Why choose the Honda Deauville?

Why Dilbert?

3-years ago, on announcing that I was going to ditch the "tin box" (NEVER call my Alpha that; it's a superior piece of automotive architecture) many of my colleagues and mates turned out to be seasoned bikers; rockers, hell-raisers, ponces, and tourers: each recommending the best machine with which I should acquaint myself as a middle-aged commuter.

Conflicting Advice

“You want...speed...lightweight...low seating...good cornering...fast as fcuk...big luggage...no luggage...plodder...tricycle...Japanese...British...Italian...Chinese (but NEVER American)”, you get the picture. Everyone’s an expert and no one knows anything. Most seemed to want to see me killed or to live out their own experience.

Bad Driving

I can take advice but for this purpose I knew I needed some independent thought. Driving the Alpha 50-miles each way each day was taking me back to Road-Rage. The National speed limit on a single carriageway is 60mph so why the fcuk can’t the “train” of cars and lorries exceed 40mph? Slow moving traffic can cost me up to 30-minutes of my life over the commute. 30-minutes each way – up to an hour each day (you thoughtless bastards).

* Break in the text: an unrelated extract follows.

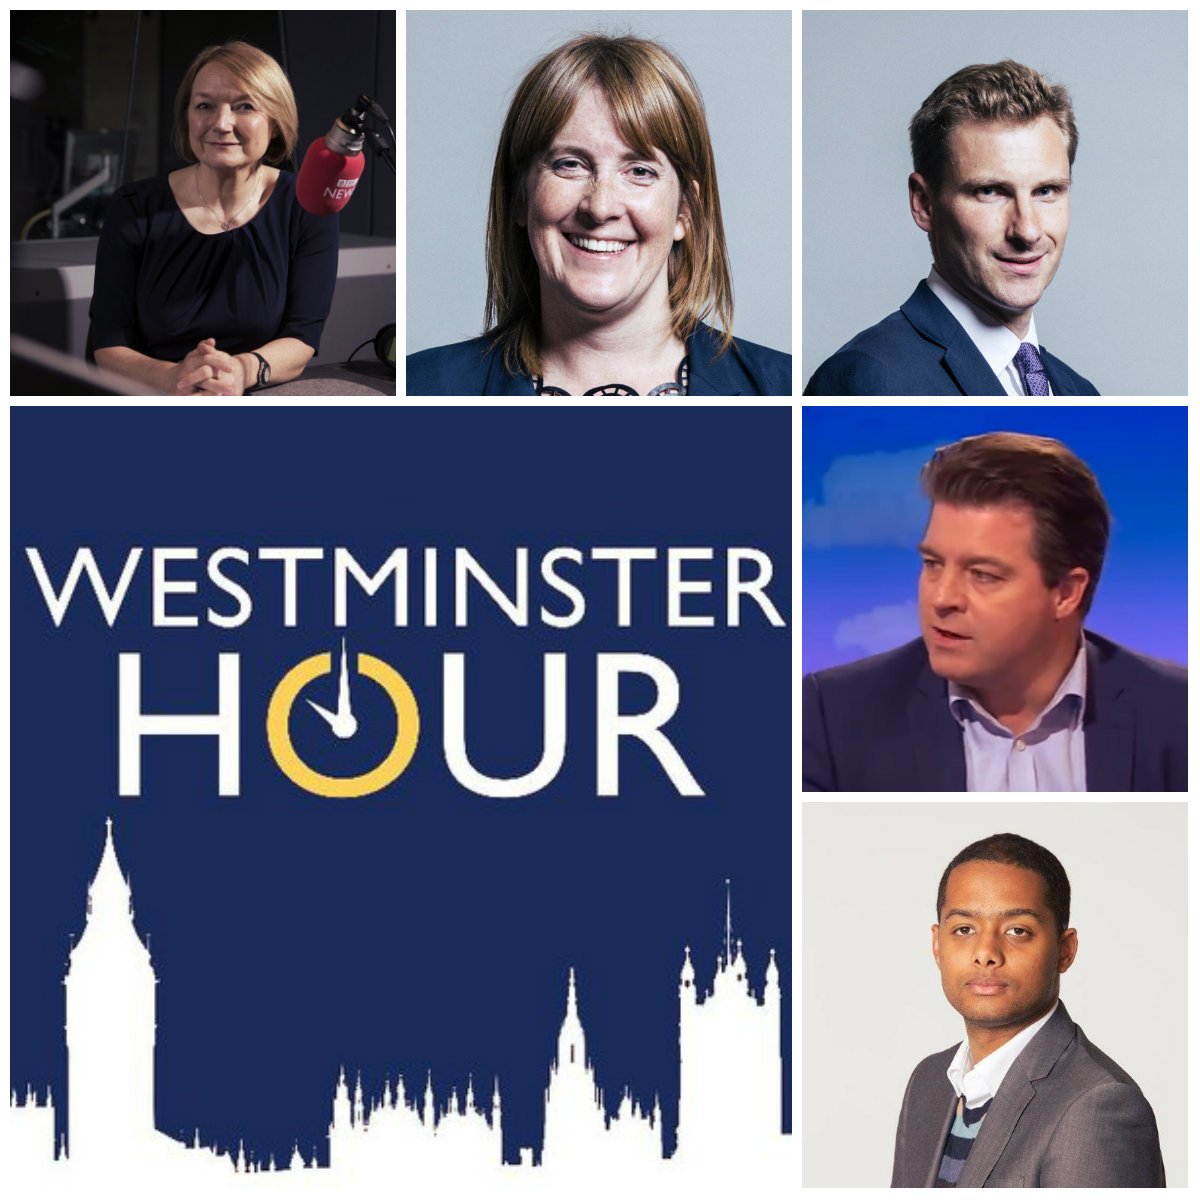 Joining @carolynquinncq this Sunday will be Croydon neighbours @LabourSJ and @CPhilpOfficial, along with economist @LiamHalligan and the New Statesman's @stephenkb. We'll be live on 📻@BBCRadio4 and @BBCiPlayerRadio at 10pm. Do tune in!

Even the Highway Code states to pull over if you’re slow to relieve mounting congestion behind; but, no. Perhaps travelling 2m behind the slowest vehicle is a state of mind? Guarding your personal space. But at 40mph just why don’t you overtake OR leave me some room to overtake each of you safely in turn? But NO, I have to take on a line of traffic 12-cars long – and if oncoming traffic appears and makes me need to pull in safely, will you let me?

Again, no. You selfish, puddle-minded, hypocritical bastards. And worse still? 40mph throughout your journey followed by 40mph through a 30mph zone! Gits.

So you might be able to see that car driving is becoming stressful and the chance to “filter” through the dick-heads in average cars can be attractive to a faster car owner?

But, why Dilbert?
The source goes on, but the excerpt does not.